2008 GWEN HARWOOD POETRY PRIZE
JUDGES’ REPORT by ROBYN ROWLAND AND JOHN FOULCHER
We were surprised this year to read so many poems from country Australia, some focusing on the drought, but many about the ways in which rural Australia has shifted in perspective as older people passed away. There were also some notable poems about the way cities are devouring the countryside.
As always, there were poems that dealt with the ‘stuff of poetry’ – war (mainly about the 2nd World War), love, death, relationships, illness – and sometimes joy! There were also many nature poems, though most of these did not reach the final selection because they were undeveloped in that the focus on a flower or a place did not lead the reader into an extension of meaning to be gained from those observations. Some poems were too didactic – instructing the reader on how to live life or what they should think or feel about a subject. Some dealt in dry abstracts as they pondered rather than demonstrated emotional experience. Many had too many rhetorical questions – a risk in a poem. Strangely, most poets did not make use of the 100 line limit which enables a poem to create strong narrative or a sinewy depth; some were very short.
Sorting a large number of poems is always challenging. Many were clearly not poetry. Often the poems merely told stories or stated the writer’s views about the ‘big’ issues in life. They were not transformed into poetry and needed more work. They were also sometimes very descriptive but with no real intention in them. But we did have a first ‘shortlist’ of about 40 strong poems (from 250 sent in) to consider, and came to our last 25 poems pretty much in synchrony. Many of the poems in this last list were strong contenders and then we had to nick-pit to slowly cut out those that had enough of a flaw in them to help us to arrive at the last six. All of those 25 poems were clearly publishable work.
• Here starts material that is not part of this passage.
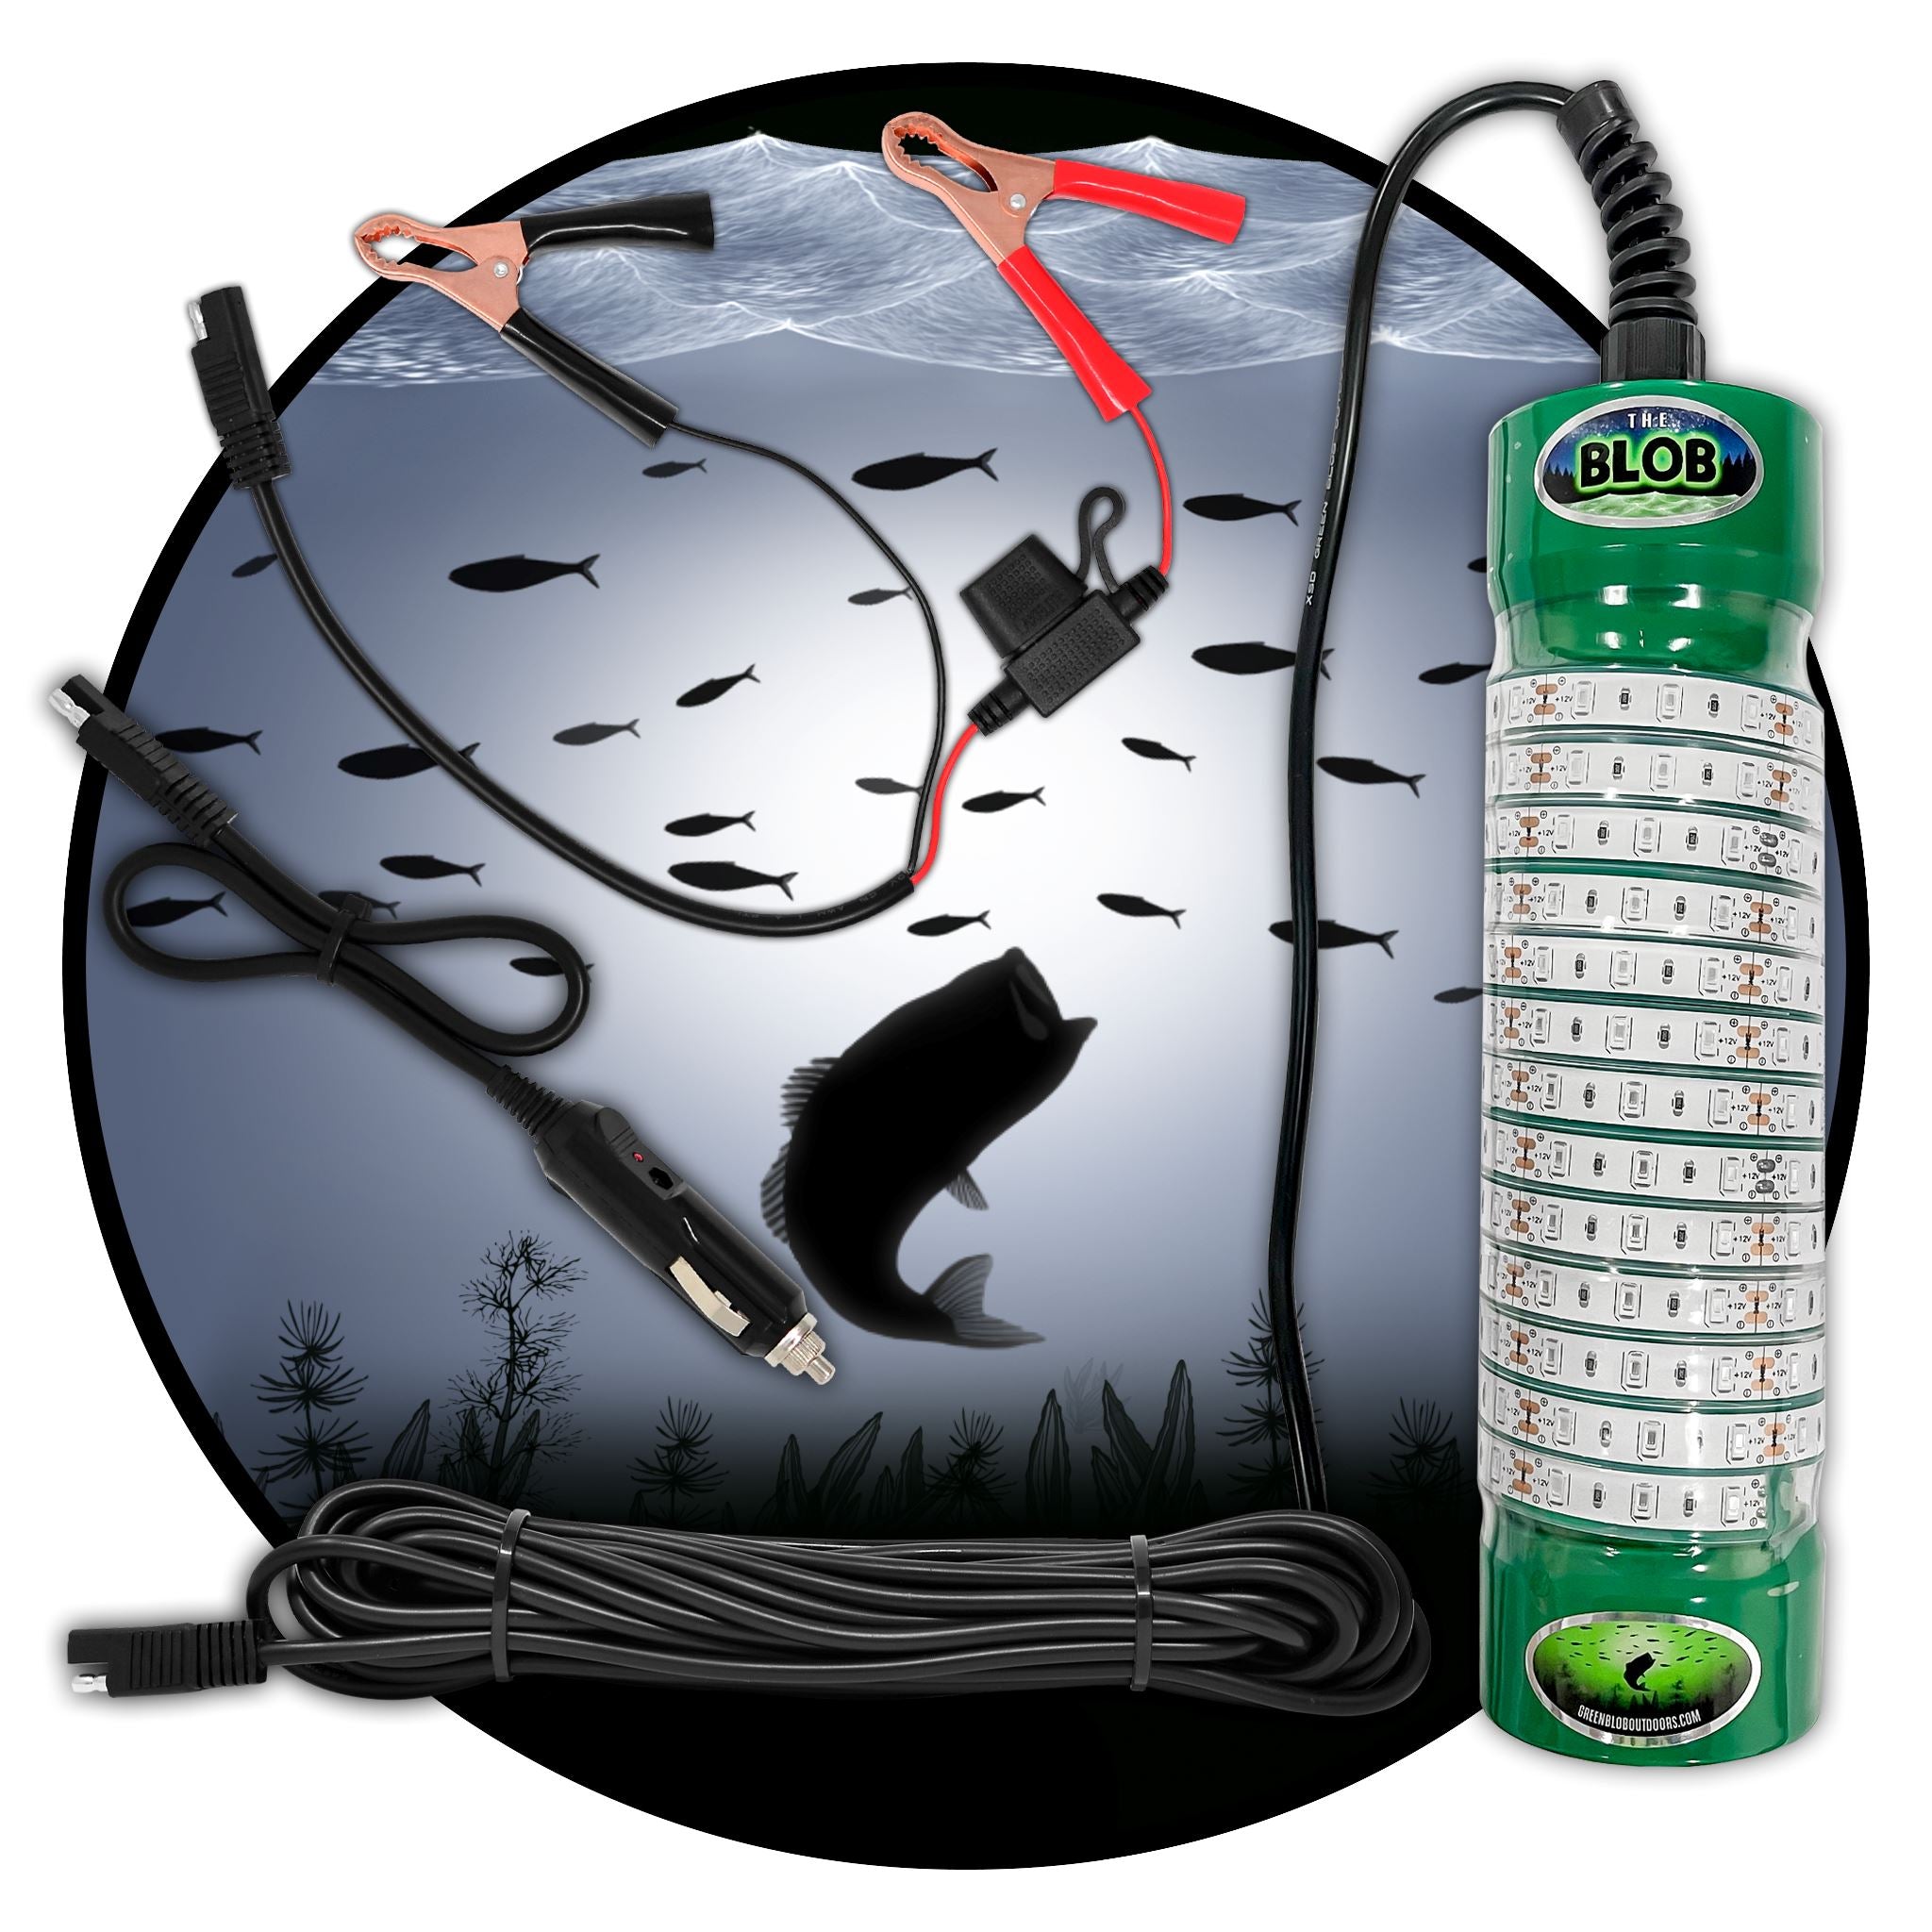 Green Blob Outdoors Underwater Fishing Light 7500 Lumen for Boats Includes Alligator Clips & Cigarette Lighter w/ 30ft Cord

As judges this year, we were looking for poems that explored an original image or idea, that struck true in feeling, that were well crafted, using either form or image or rhythm to lift the work beyond prose. We felt the poems we were looking for needed to leave the reader changed in some way – emotionally, intellectually or ideally both. We wanted the poem to draw us into the experience rather than tell us about it. We re-read the leading six poems many times and finally read them out loud to each other. The final four are as follows:
The winning poem, Drawing in the Birth Room by Angela Malone (NSW), is a poem that could not be bypassed. There is a deep loveliness in it as it draws the line of a birth into the lines of a life. The poem is simple, unpretentious and without a stumble or jarring word. The idea that the child was drawing before birth, the places and experiences that the mother was living, is woven back into itself, as, three years later, the child draws her watery first landscape. The miracle of life unfolding is shown, not said, and the love that emanates from it is powerful. The poem untangles itself from a simple, prosaic introduction, the lines unfurling towards a lyrical intensity that belies the apparent ordinariness of the experience. Its exuberance overwhelms the reader, and it swells towards the inevitability of its final lines.